Let $s$ be any permutation. We want to pick $s$ such that it minimizes the following sum:

$S = \sum_{i=1}^N|x_i - y_{s(i)}|$

Note that any permutation $s$ that minimizes $S$ is also a permutation that minimizes the sum of the squares:

$S_2 =\sum_{i=1}^N|x_i - y_{s(i)}|^2$

(To prove this last point, we can apply this identity: $(\sum_i\alpha_i)^2 = \sum_i\alpha_i^2 + 2\sum_{i<j}\alpha_i\alpha_j$

So we have:

$S_2 = S^2 - 2\sum_{i < j}|x_i - y_{s(i)}||x_j - y_{s(j)}|$

The term $2\sum_{i < j}|x_i - y_{s(i)}||x_j - y_{s(j)}|$ is constant with respect to $s$, so the only way to minimize $S_2$ is by minimizing $S^2$ which is attained by minimizing $S$, given that $S$ is positive.)

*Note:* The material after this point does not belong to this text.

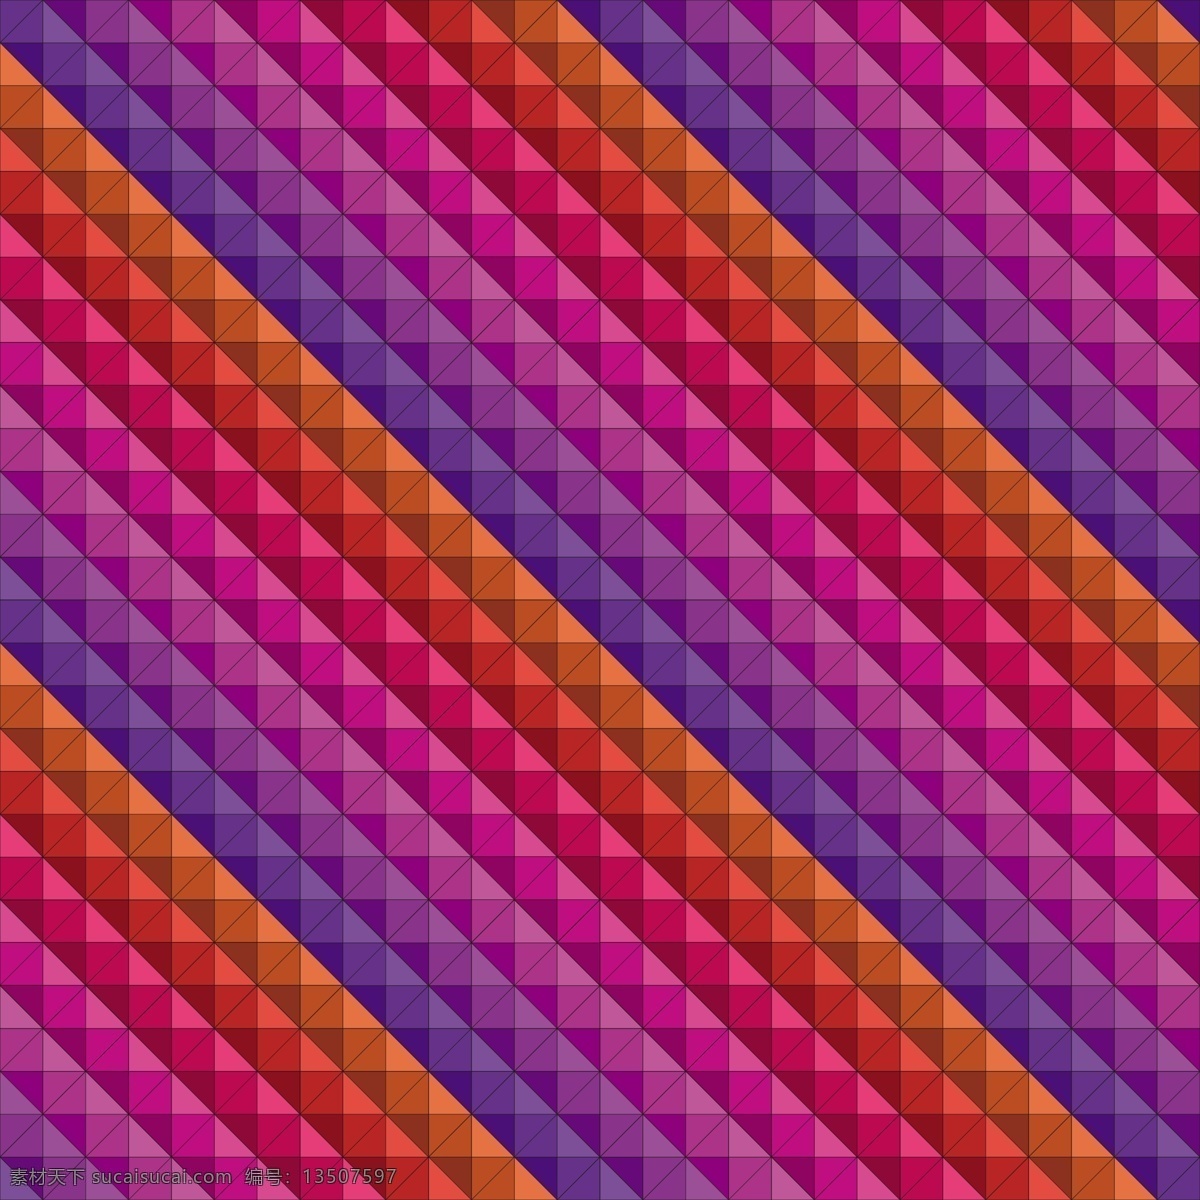 三维 立方体 模式 背景 图案 抽象的背景 抽象 几何 丰富多彩 几何背景 几何图案 形状 丰富的背景 无缝的图案 无缝 几何图形 图案背景 抽象图案 抽象的形状 颜色 紫色

Now we can analyze the sum of the squares:

$$\begin{aligned} S_2 &= \sum_{i=1}^N|x_i - y_{s(i)}|^2 \\ &= \sum_{i=1}^N(x_i - y_{s(i)})^2 \\ &= \sum_{i=1}^N(x_i^2 + y_{s(i)}^2 - 2x_iy_{s(i)}) \\ &= \sum_{i=1}^N(x_i^2 + y_{s(i)}^2) - 2\sum_{i=1}^Nx_iy_{s(i)} \end{aligned} $$

the sum $\sum_{i=1}^N(x_i^2 + y_{s(i)}^2)$ is always the same, regardless of the permutation $s$. So, in order to minimize $S_2$, we have to maximize the sum of the products: $S_p = \sum_{i=1}^Nx_iy_{s(i)}$

Because the arrays are sorted we have $x_i \leq x_j, y_i \leq y_j$ for $i < j$. By the Rearrangement Inequality we can maximize $S_p$ by choosing $s(i) = i$.